AVAILABLE DATA:
****************
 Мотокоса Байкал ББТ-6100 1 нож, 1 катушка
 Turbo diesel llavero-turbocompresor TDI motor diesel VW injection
****************
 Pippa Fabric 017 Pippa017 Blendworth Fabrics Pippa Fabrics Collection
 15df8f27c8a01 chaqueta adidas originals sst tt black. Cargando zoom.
****************
WORK INSTRUCTION: Copy out only the lines above from the one with "Мотокоса Байкал ББТ-6100 1 нож, 1 катушка" to the one with "Turbo diesel llavero-turbocompresor", inclusive, exactly as they stand.

TASK SOLUTION:
 Мотокоса Байкал ББТ-6100 1 нож, 1 катушка
 Turbo diesel llavero-turbocompresor TDI motor diesel VW injection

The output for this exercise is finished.